Some issues from my wish list for potential inclusion:

As you're re-building CADD, is there any way you could include the CADD indels too, preferably merged with the SNPs? #833

Related to dbNSFP, would you be able to address #886 ? Basically, I think we can either modify entries in dbNSFP to convert = to something else while re-building the database for gemini, or just remove this line from geneimpacts/effect.py

assert not "=" in effect_string

We ran into a few errors in running tests last time we tried to install from master, documented in #901, in case there are any quick fixes you might notice. Some of them seem pretty trivial, e.g., gemini/test/unicode.vcf.gz was missing -- probably inadvertently deleted from the repository at some point.

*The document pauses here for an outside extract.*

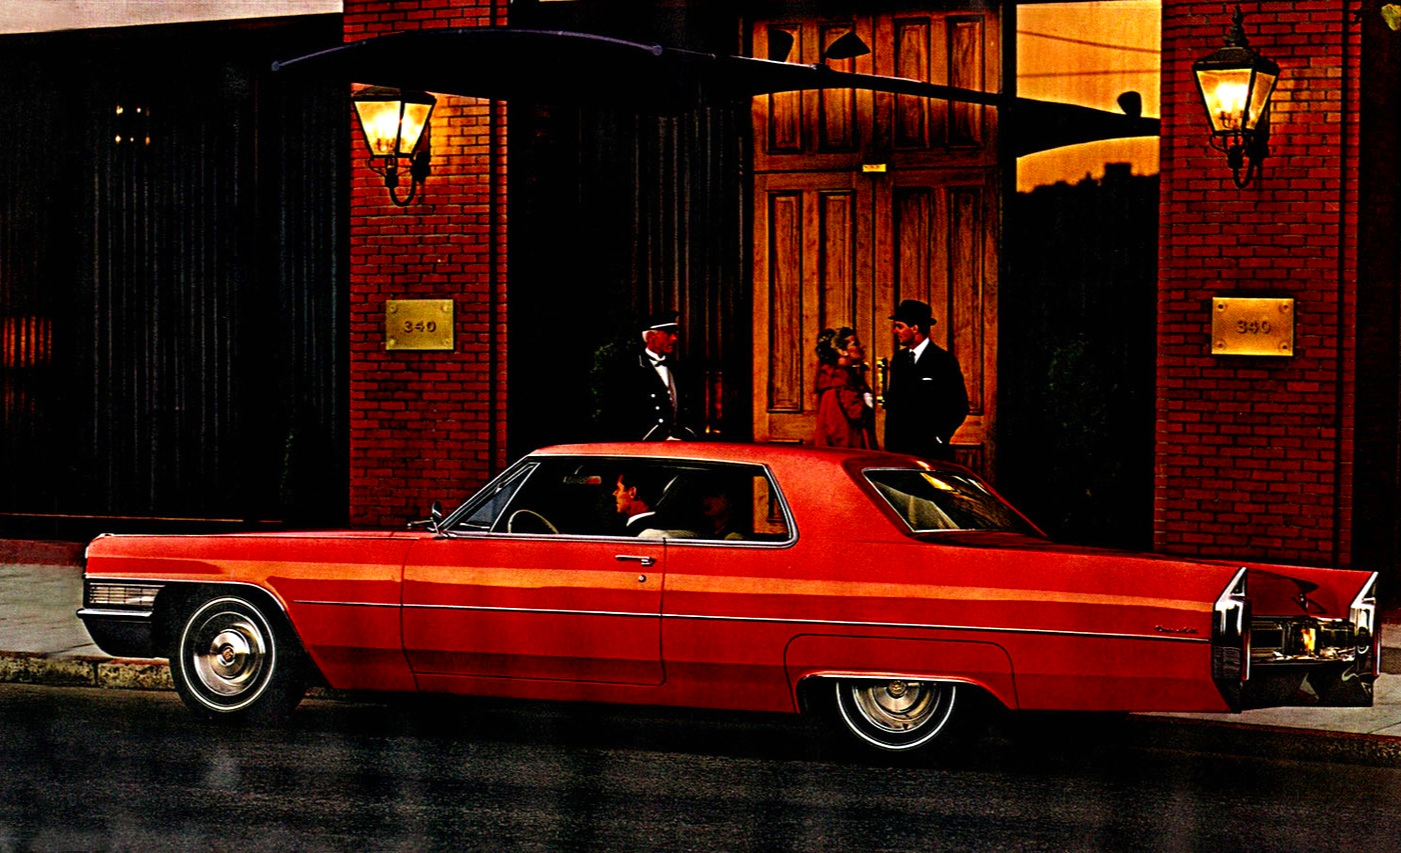 TunnelRam_Cadillac (11).jpg

We also had a discussion in #663 around prioritizing canonical transcripts, which seems to be implemented in geneimpacts>=0.3.4. If there is a simple way to incorporate the latest version of geneimpacts and maybe add a --prioritize_canonical flag to gemini load, that would be helpful.

[brentp]

@oleraj I have responded on a few of those issues and #901 is fixed. I will incorporate the latest version of geneimpacts when making the release. For others, I'd prefer those that need that functionality to contribute as there are relatively simple work-arounds for those.

[oleraj]

Great, thanks @brentp.

[jxchong]

Oh! What about including CCRs as an annotation? :)

[arq5x]

Agree; CCRs are in the larger plan, but will leave it to Brent if it will make it into this release.

[pfpjs]

I've managed to fix and update the generation of detailed_gene_table and summary_gene_table, can anyone else take a second look? Thanks!

[brentp]

Awesome! Paulo, thanks so much. I will have a look on Tuesday, then I think we are ready for the next release.

I think we'll let the dust settle from this release and then add CCRs if there is interest. It's simple to add CCRs via gemini annotate (or using the new loader) but I get that it would be convenient to have it as one of the install datasets.

[Phillip-a-richmond]

Late to the party but I look forward to the new release!

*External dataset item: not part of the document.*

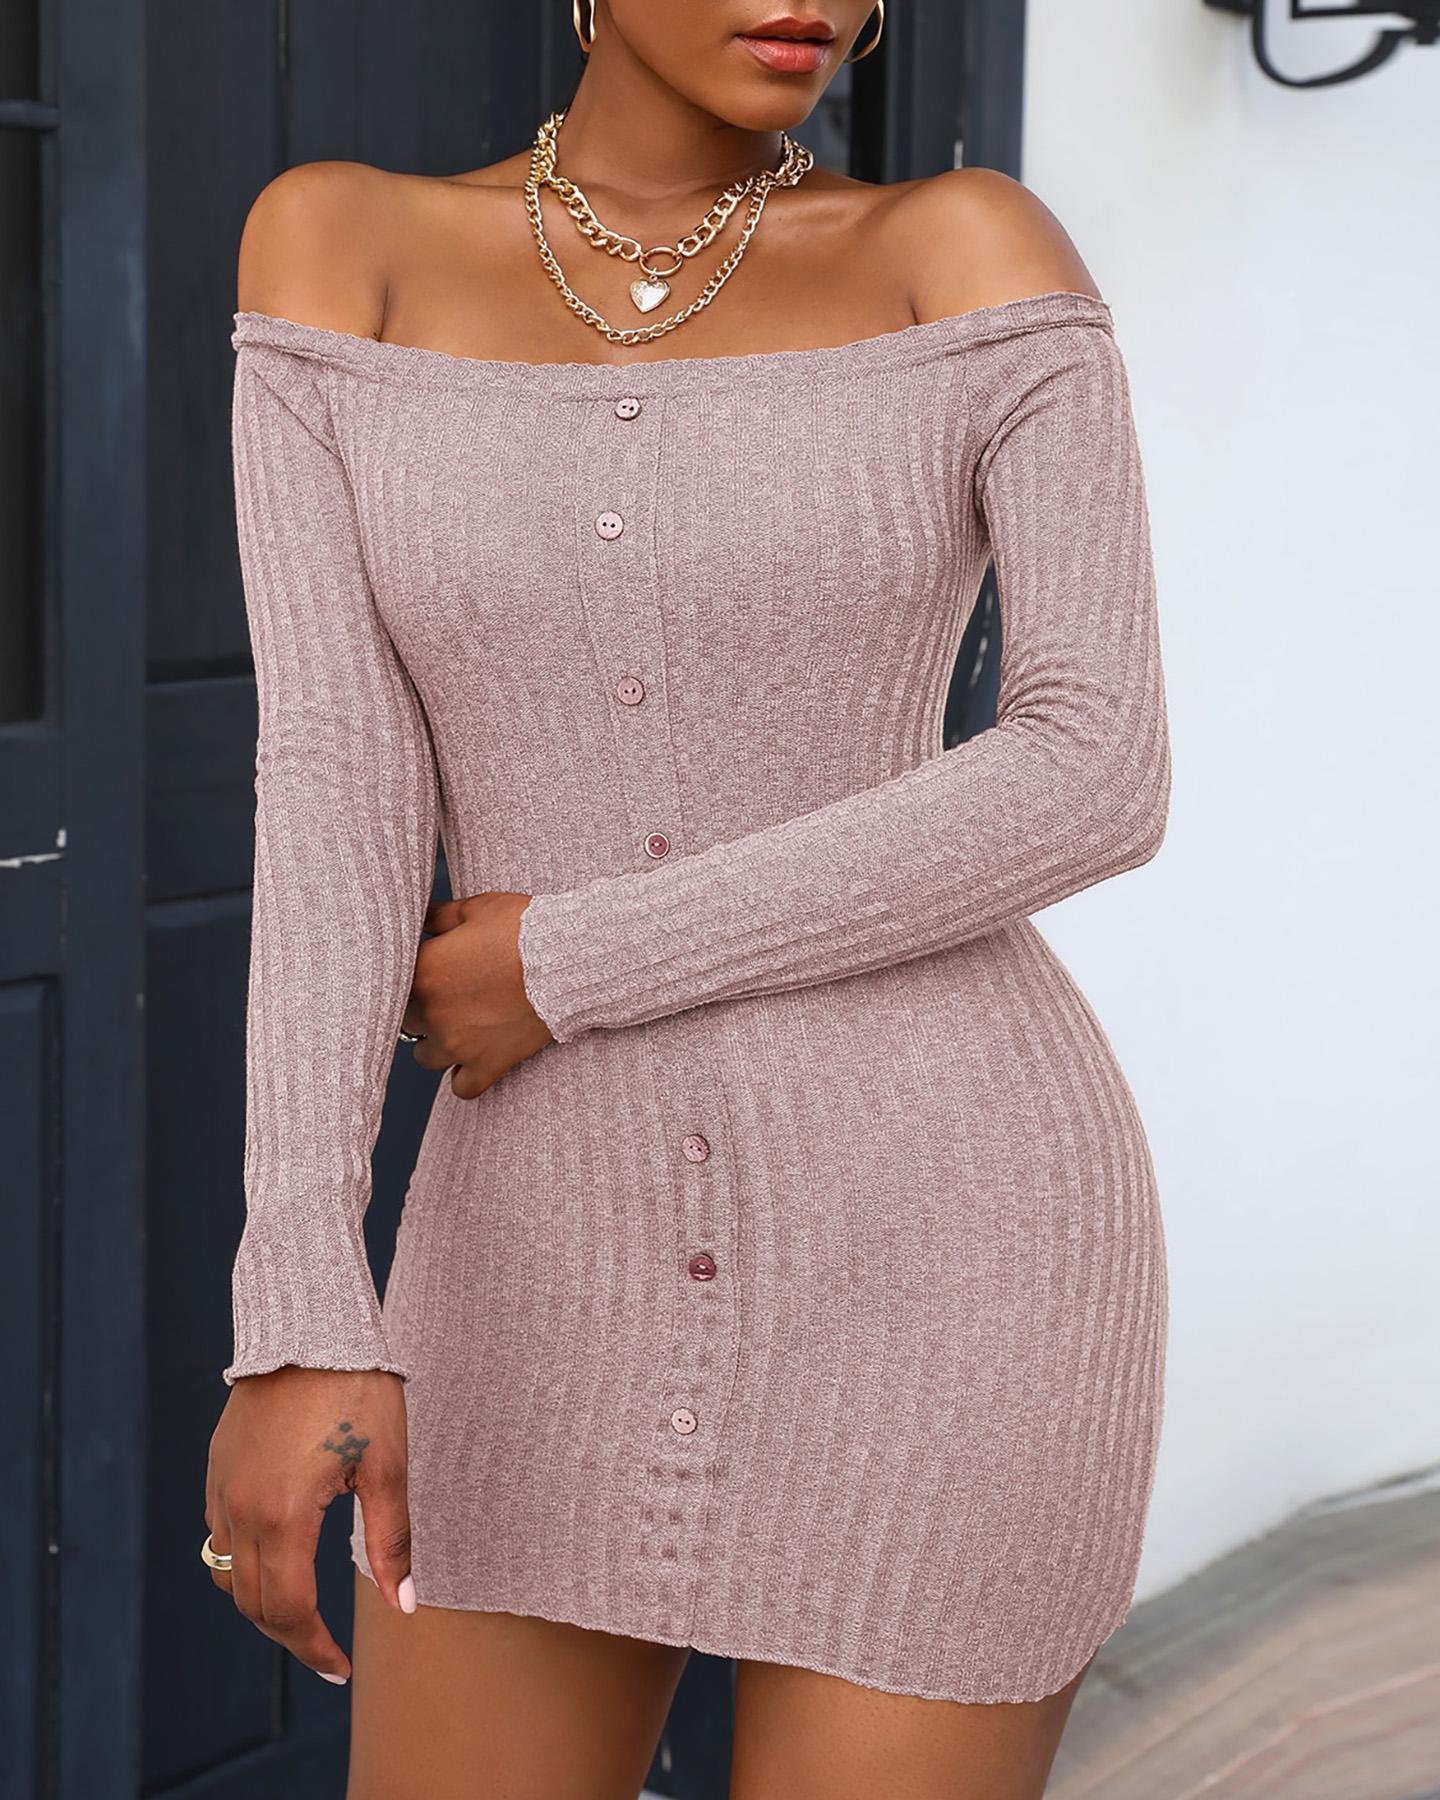 chicme / Button Design Off Shoulder Knit Bodycon Dress

Will some aspects of the update (non database-related) also remain functional with the VCFAnno + VCF2DB pipeline? Specifically thinking about gene_summary and gene_detailed, and if there's a way to leverage these improvements within my current BCFTools (soft-filter), SNPeff, VCFAnno, VCF2DB pipeline.

Or do you now suggest switching back to the gemini load + gemini annotate to get extra features (e.g. in-house database).

Thanks! Phil

[brentp]

@Phillip-a-richmond you should continue using the new loader. this will be the last major release using the old loader. If there are features missing when using the new loader, then PR's would be great.

[brentp]

dgidb seems to be broken again. perhaps it is an intermittent server error but I don't plan to fix it. I will rely on those that use dgidb to keep that functioning.